The pressure of a fluid flowing through a closed system, \( P \), after \( t \) seconds can be modeled by the function \( P(t)=100+40 \sin \left(\frac{9 \pi}{4} t\right) \). Answer parts (a) through (c) below. (a) In the interval \( [0,1] \), determine the times at which the pressure of the fluid is 100 mmHg . The solution set is \( \{\square \). (Type an integer or decimal rounded to two decimal places as needed. Use a comma to separate answers as needed.)

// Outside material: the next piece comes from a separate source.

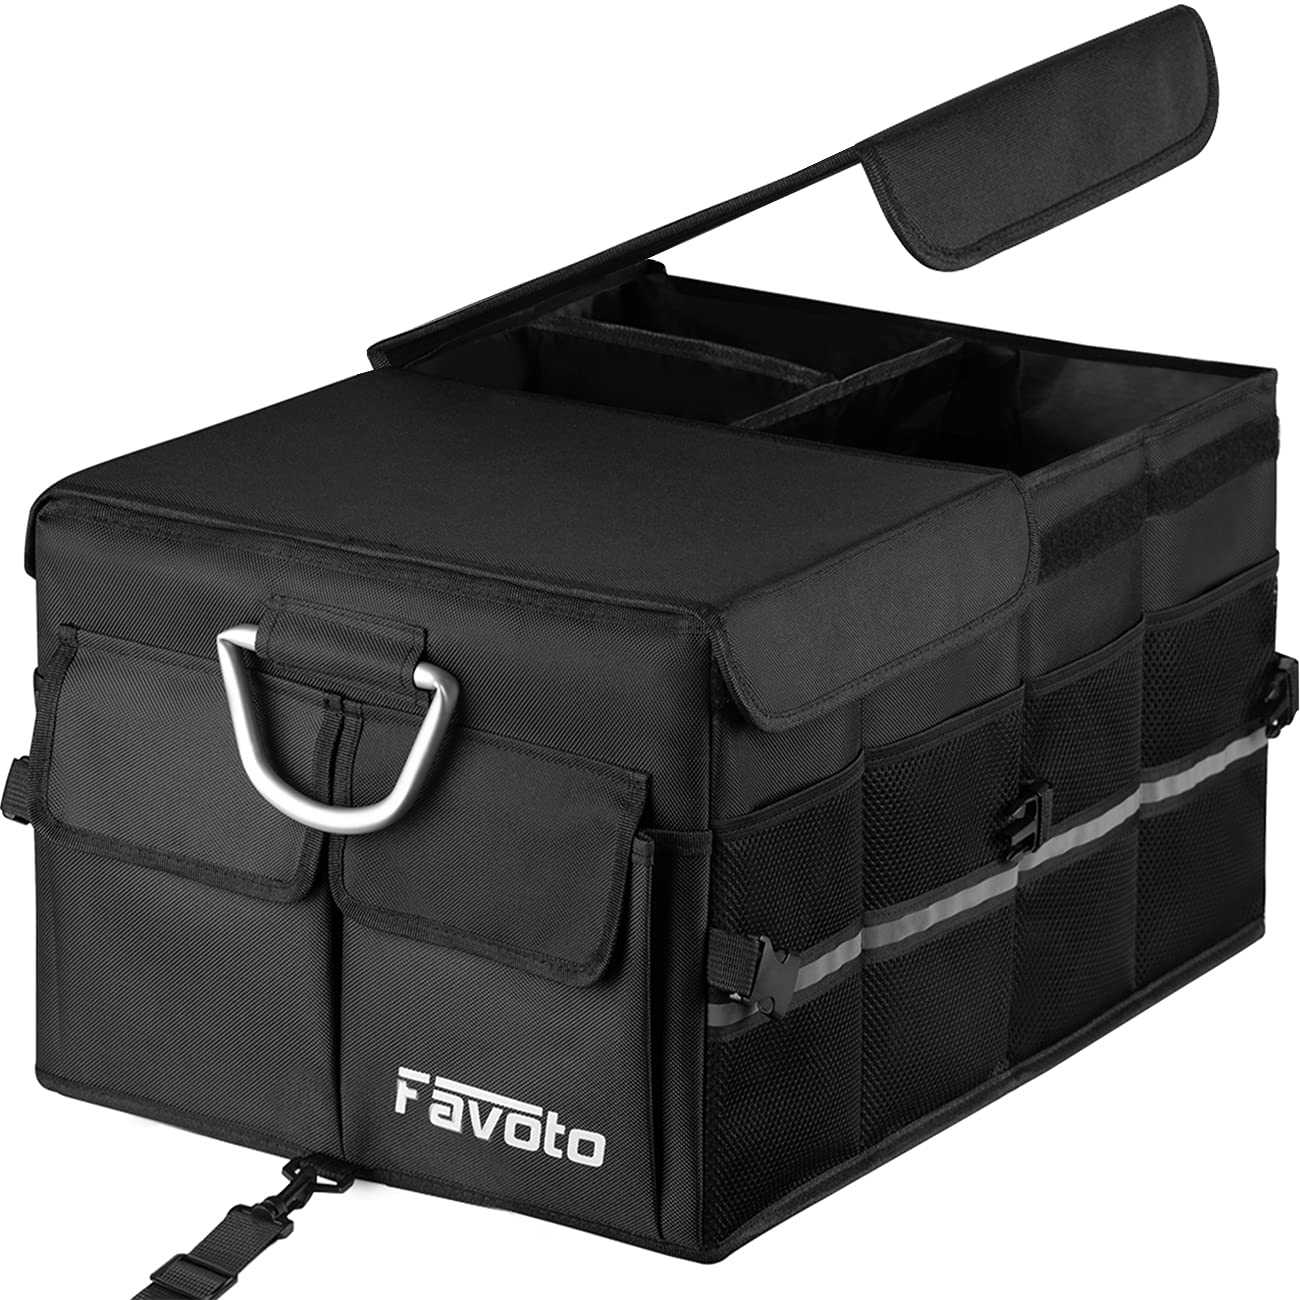 Favoto Auto Kofferraumbox Klappbox Kofferraum Organizer Kofferraumtasche Wasserfest Robust Oxford-Material Autotasche Box für Limousine SUV Schrägheck Schwarz（52cm x 32.5cm x 28cm） von Favoto

To find the times \( t \) at which the pressure \( P(t) = 100 \) mmHg in the interval \( [0, 1] \), we set the equation: \[ 100 + 40 \sin\left(\frac{9 \pi}{4} t\right) = 100 \] Subtracting 100 from both sides gives us: \[ 40 \sin\left(\frac{9 \pi}{4} t\right) = 0 \] Dividing by 40 yields: \[ \sin\left(\frac{9 \pi}{4} t\right) = 0 \] The sine function equals zero at integer multiples of \( \pi \): \[ \frac{9 \pi}{4} t = n\pi \quad \text{for integers } n \] Solving for \( t \): \[ t = \frac{4n}{9} \] Now we substitute integer values to find \( t \) within the interval \( [0, 1] \): - For \( n = 0 \): \[ t = \frac{4 \cdot 0}{9} = 0 \] - For \( n = 1 \): \[ t = \frac{4 \cdot 1}{9} \approx 0.44 \] - For \( n = 2 \): \[ t = \frac{4 \cdot 2}{9} \approx 0.89 \] - For \( n = 3 \): \[ t = \frac{4 \cdot 3}{9} \approx 1.33 \quad \text{(This is outside the interval [0,1])} \] Therefore, the times at which the pressure of the fluid is 100 mmHg in the interval \( [0, 1] \) are: \[ \{0, 0.44, 0.89\} \] The solution set is \( \{0, 0.44, 0.89\} \).